Einige Züge der S-Bahn waren gestern Abend verspätet, und da man am Museum für Gestaltung in Zürich mit Vernissagen pünktlich um 19 Uhr beginnt, musste man sich in den bis auf alle Stehplätze belegten Vortragssaal einschleichen. Eine routinierte Vernissage-Besucherin im fortgeschrittenen Alter stellte lakonisch fest: „Man sieht hier Leute, die man im Kunsthaus Zürich (Zürcher Kunstgesellschaft) nie sieht. Dort gibt es allenfalls Zweifel-Chips und Château-Migraine.“
Als Partnerin der Ausstellung zum Lebenswerk von Charlotte Perriand bot die Ambassade de France en Suisse hervorragende Würste, Brote, Käse und Weine an. Doch viele Teilnehmer/innen konnten nur noch beim traditionellen Aufräumen des Buffets dabei sein, denn nach den Referaten der Kuratoren Arthur Rüegg und Andres Janser lockte die Ausstellung zum eigenen Entdecken.
Bereits mit dem Publikumserfolg über Michel Comte konnte das Team um Museumsdirektor Christian Brändle Kulturinteressierte an die ZHdK führen, das ein weit grösseres und besser dotiertes Haus am Pfauen meidet. Es ist nicht nur das bessere Catering, es ist ein weltoffeneres und intellektuelleres Programm, das interessante Menschen aus allen Generationen an die Ausstellungsstrasse 50 führt.
Die Ausstellung ist unbedingt sehenswert. Charlotte Perriand hat ein sehr reiches Werk hinterlassen, im Design, als Aktivistin vor dem Zweiten Weltkrieg und vor allem als Fotografin.
Die Präsentation ist nach Lebensphasen und Themen aufgebaut. Es sind einzelne Kammern, in die man sich einleben muss und darf. Ein Höhepunkt sind die im ursprünglichen Ausmass reproduzierten Ausstellungsbilder der Dreissiger Jahre (Tricolor). Die Vintage aus anderen Schaffensperioden sind grossartig, die digital aufbereiteten Prints diskussionwürdig.
Partner im Projekt sind das Musée Nicéphore Niépce in Chalon-sur-Sâone und das Petit Palais in Paris.
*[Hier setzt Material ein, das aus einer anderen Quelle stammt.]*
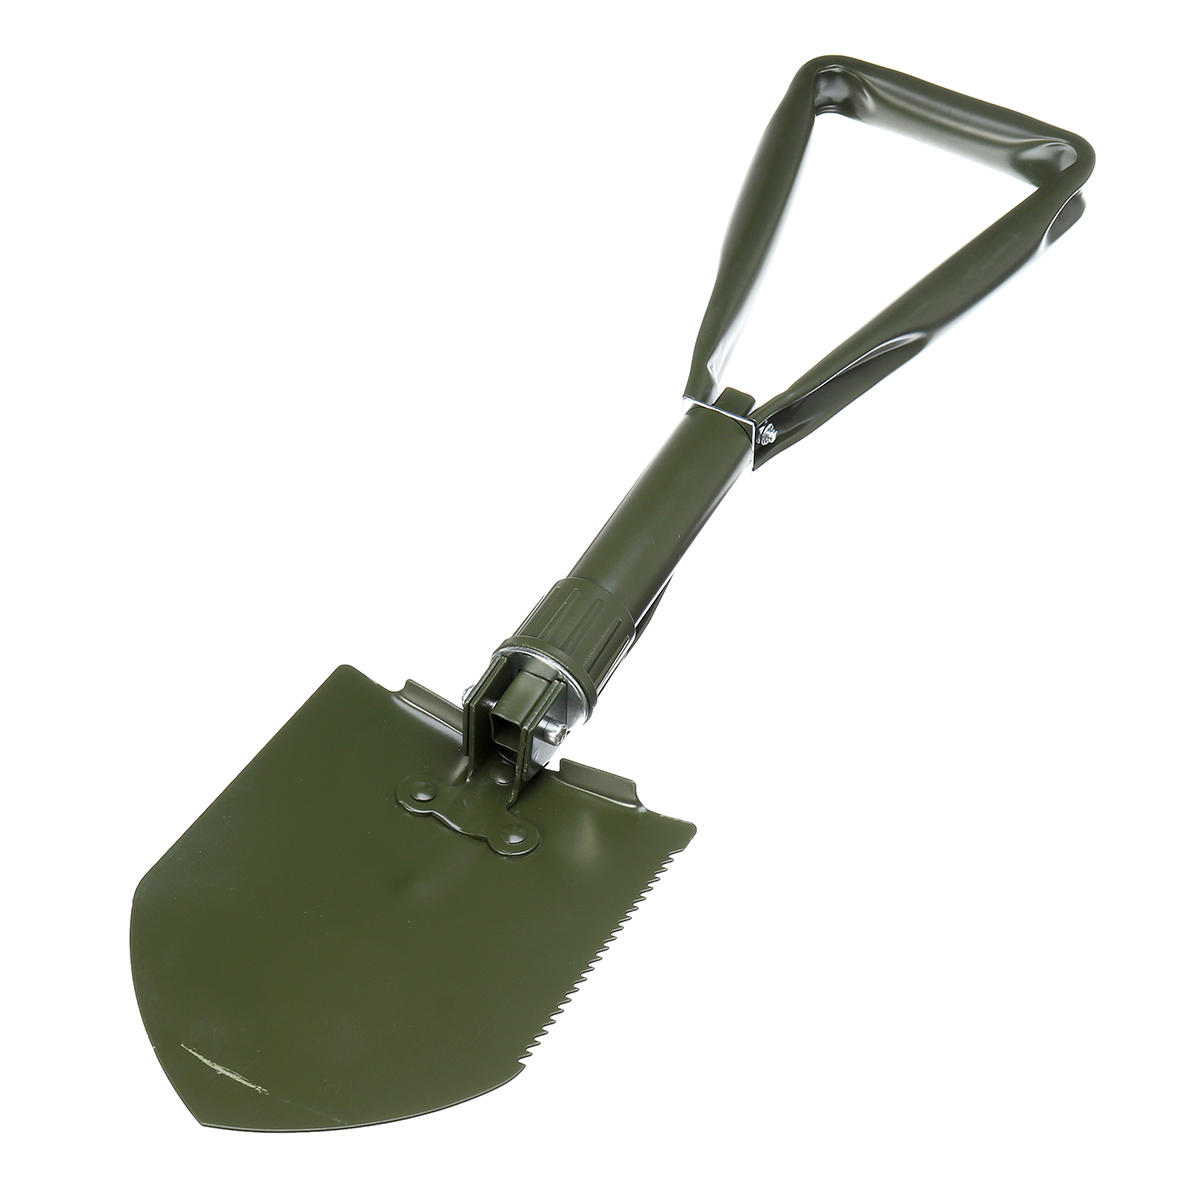 foldable camping shovel

Dort wird die Ausstellung nach dem Oktober dieses Jahres auch präsentiert. Die Ko-Prduzenten aus Frankreich nahmen an der Vernissage in Zürich teil und freuten sich über das rege Interesse eines anspruchsvollen Publikums.
An der Vernissage nahmen mehrere bekannte Kunsthändler/innen und Galerist/innen teil. In Datenbanken von Auktionshäusern ist Charlotte Perriand nur am Rande aufgeführt. Ausser einigen Möbeln unter dem Label Le Corbusier kam kaum etwas in den Handel. Als Fotografin sind ihre Werke wenig erforscht. Jacques Barsac arbeitet am Nachlass, und hat Grundlagen zur Ausstellung beigesteuert. Arthur Rüegg hat mehrfach über Perriand publiziert und zeigte sich erfreut über das Interesse an ihrem Lebenswerk.
In der Ausstellung finden sich Alben im Bezug auf digital aufgearbeitete und im grösseren Format an Wänden vermittelte Prints. Dazu braucht es Mut, denn Charlotte Perriand hätte nie gedacht, dass ihre intimen Bilder mit der Rolleiflex dereinst derart aufgeblasen die Zürcher Kulturszene entzücken könnten.
Charlotte Perriand: Designerin, Fotografin, Aktivistin
Museum für Gestaltung, Zürich, 16.7. – 24.10. 2010
P.S. No pictures please. Fotografieren ist wegen der Urheberrechte, vor allem für die Werke von Le Corbusier, verboten und wird auch strengstens überwacht. Die wesentlichsten Möbel aus dem Schaffen seines Ateliers findet man jedoch seit Jahrzehnten in mehreren Publikationen, u.a. von SKIRA und in zahllosen Kopien in Möbelmärkten weltweit.